In the midst of the house process and end of school craziness I am also preparing to participate in an Arts and Jazz festival at my cousin’s winery in Michigan over Memorial Day Weekend. Lemon Creek Winery has hosted this event for several years and although I live in Georgia, I have sold books and jewelry at the show for the past two years. My father and step mother have a stained glass and mosaic booth next to me and this year my mother will also be in town to help and I am looking forward to spending time with each of them.
I work in a medium called metal clay which comes in a variety of metals including silver, copper, bronze, and steel. I teach classes in metal clay for adults and during the summer I teach week-long camps for kids ages 8 to 12. This year one of my students wanted to learn how to set glass and stones in copper clay. I’ve done this many, many times in silver but not copper. After several weeks of searching, I found one article that explained how to do this. I supplied the clay and my students and I experimented. Everyone’s turned out perfect except mine. The clay shrinks in the kiln so you have to allow for that when you create your setting. Mine came out too small. I had to pound and work the piece until everything came together.

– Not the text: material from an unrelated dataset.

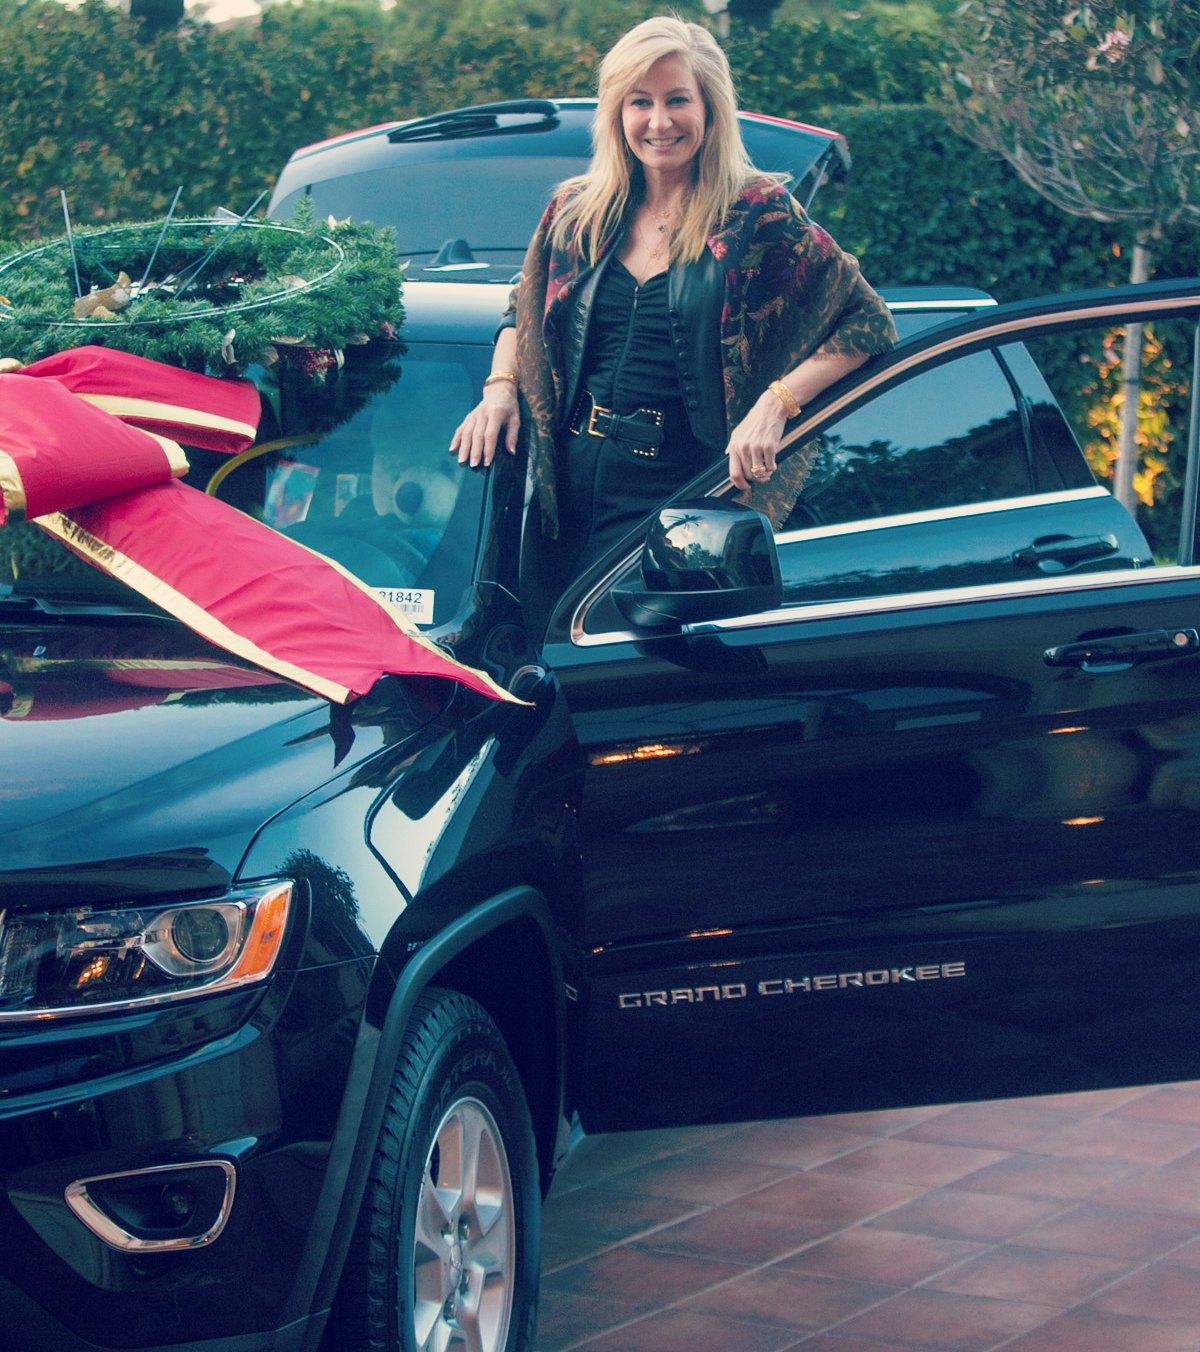 Beth Jupp, winner of our Jeep Grand Cherokee Raffle
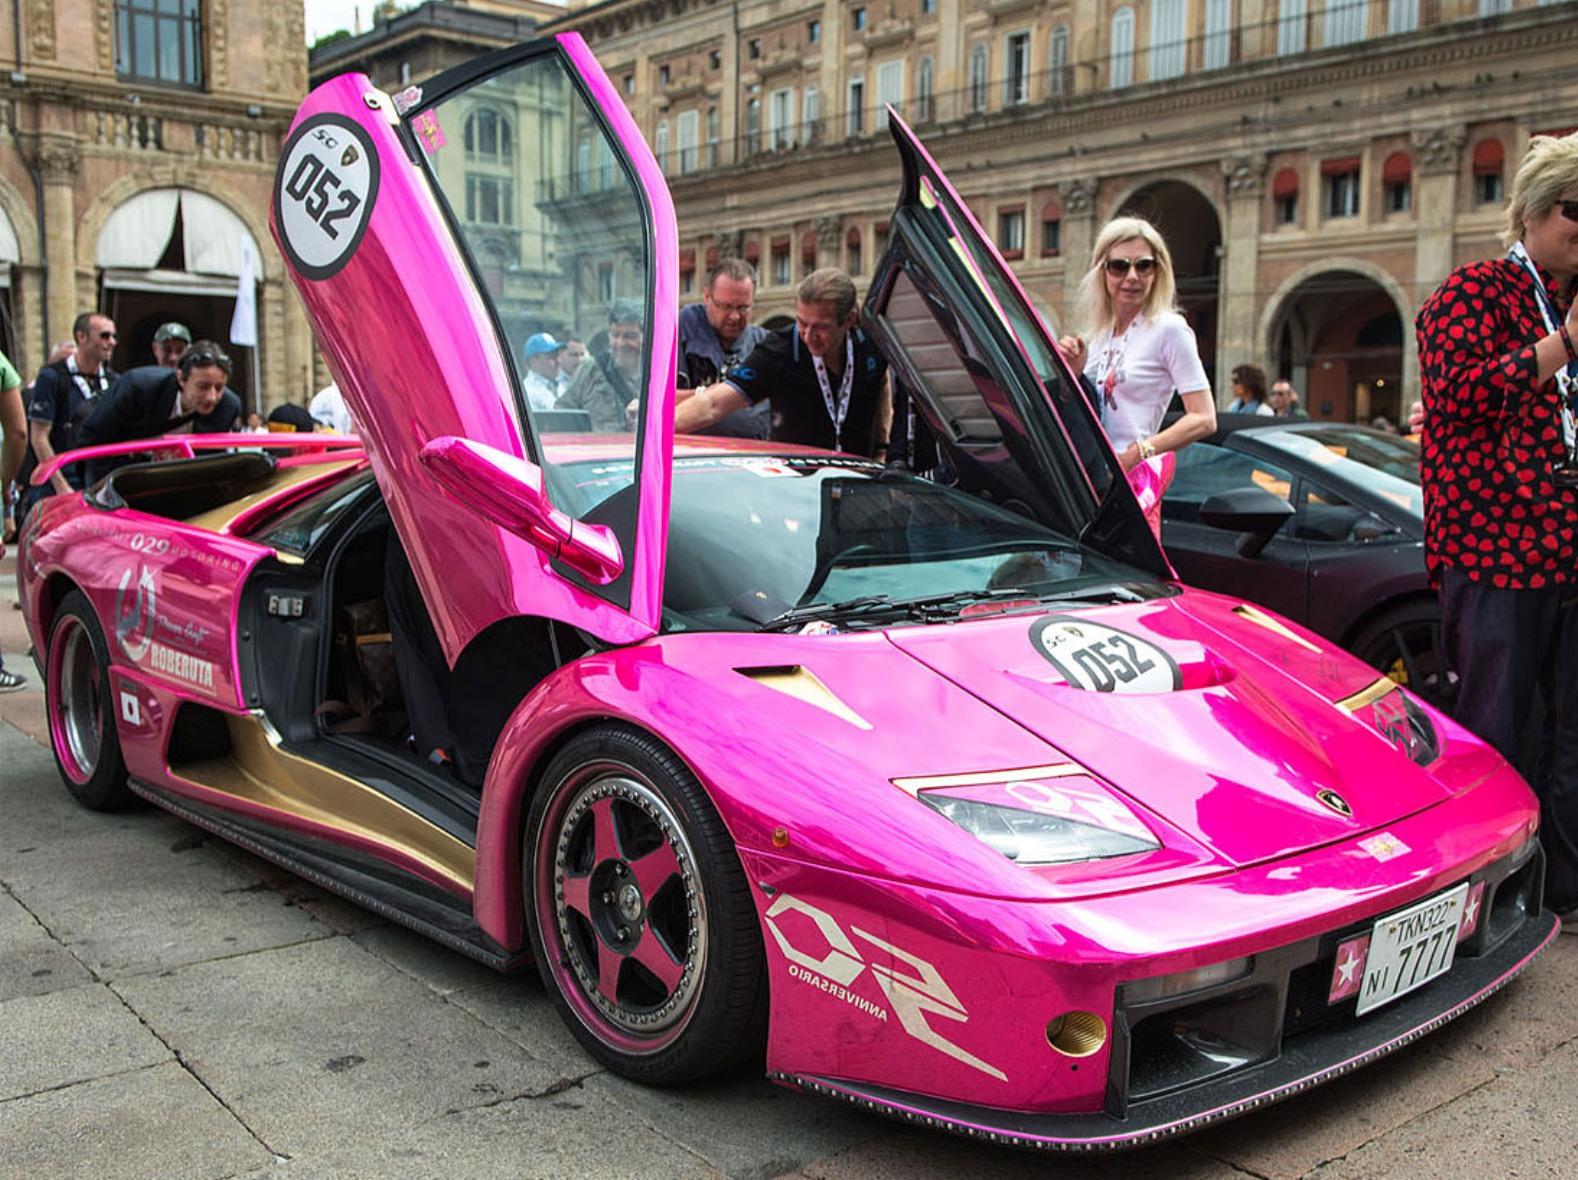 Amazing Lamborghini Diablo X Japanese Style

My husband loves the piece I made and said I should make more to take to the Michigan show. While this is a labor-intensive process, the results are wonderful so I said, “sounds like a good idea.” I’ve made six additional pieces and 4 have been fired, each of them too small for the glass that I intended to use. As I struggled to make one of the pieces work, I realized that it isn’t that different from writing.
First, you have a concept, a brilliant idea and you put together your story with great care and planning. You work hard to create a first draft that might not be perfect but it is a good start.
Next you let it sit a bit, like firing the green clay in the kiln. You come back to the story and read it through again and realize that it doesn’t quite work. Somethings don’t fit and other things are just plain wrong.
Now you edit, hammering out the rough edges, making them smooth and appealing. For me this involves clarifying statements and eliminating unnecessary words, like changing, “He walked towards the man” to “He approached the man” which is more concise and interesting.
Sometimes hammering alone isn’t enough, you have to grind out pieces that don’t belong. Sometimes I’ll read a paragraph and stop to admire it. Such wonderful prose. Then I realize that what is really stopped me is that the paragraph, however well-written, isn’t necessary to the story. So out it goes, in all it’s unread glory but pacing is better for it.
Finally, everything works. It all fits and comes together. One last polish and it’s ready to find a home out in the world.
The process of writing a book or making a piece of jewelry really aren’t that different after all.